Hear top geometers! Edinburgh, December 6

Yujiro Kawamata (Tokyo) and Yum-Tong Siu (Harvard) will speak in Edinburgh on Monday, December 6th, at a meeting of the London Mathematical Society. Limited funds are available to contribute to the expenses of members of the LMS or research students to attend the meeting. Contact Isabelle Robinson <isabelle.robinson@lms.ac.uk> for information.

This should be an interesting afternoon. Kawamata will speak on the abundance conjecture, perhaps the main open problem in birational geometry. Siu, the second speaker, has strongly suggested that he can prove this conjecture by analytic techniques.

Schedule and location
15.00  Tea and coffee
15.30-16.20  Yujiro Kawamata, Survey of the Abundance Conjecture
16.30-17.20  Yum-Tong Siu, Recent and Historical Analytic Techniques for Algebro-geometric Problems
18.00  Wine reception

UPDATE: I believe these talks are now taking place at the ICMS, 15 South College Street, Edinburgh EH8 9AA. Directions: here.

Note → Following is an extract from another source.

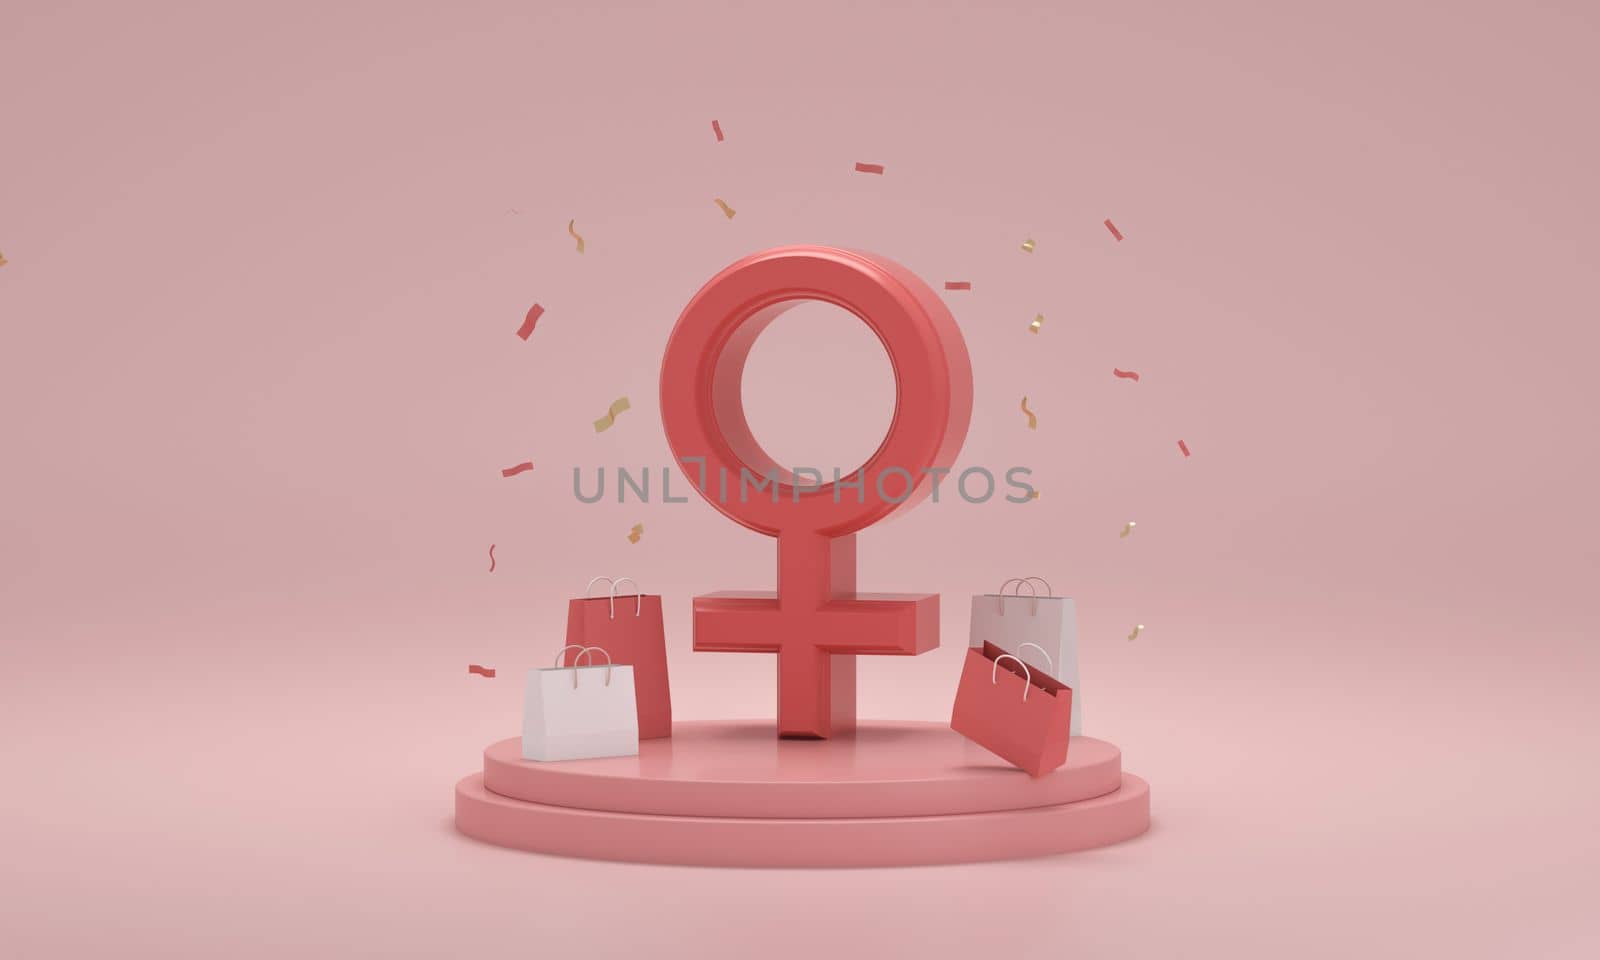 Female gender symbols and gift box on podium on pink background. Concept of International Women's Day. 3D rendering.

This LMS meeting is part of the first day of a conference on Birational Geometry organized by Caucher Birkar and Ivan Cheltsov, taking place 6-10 December at the Institute of Geography, Drummond Street, Edinburgh EH8 9XP (Google map: here). See details for the entire conference: here.


Filed under LMS, travel

2 responses to “Hear top geometers! Edinburgh, December 6

  1. Artie Prendergast-Smith

    Dear Burt,

    The natural order of conjectures in birational geometry seems to be the minimal model conjecture first, abundance second. Could you explain why abundance is nevertheless regarded as a more important problem than the minimal model conjecture?

    Best wishes,

    • Burt Totaro

      Well, it’s only a blog, so I’ll take “why abundance is … regarded” as meaning “why you regard abundance….” To justify what I said, note that the “classification of surfaces” on which MMP is modeled crucially involves abundance. For example, a key fact is that a (minimal) surface with Kodaira dimension 1 is an elliptic surface; if we didn’t know that, we could hardly say that we understood surfaces of Kodaira dimension 1.

      There are a few more justifications. Historically, abundance has been a harder problem than existence of minimal models. For example, we know existence of minimal models in dimension 4, but not abundance. Finally, Caucher Birkar showed that even weak versions of abundance imply the existence of minimal models (see “On existence of log minimal models II”, for example).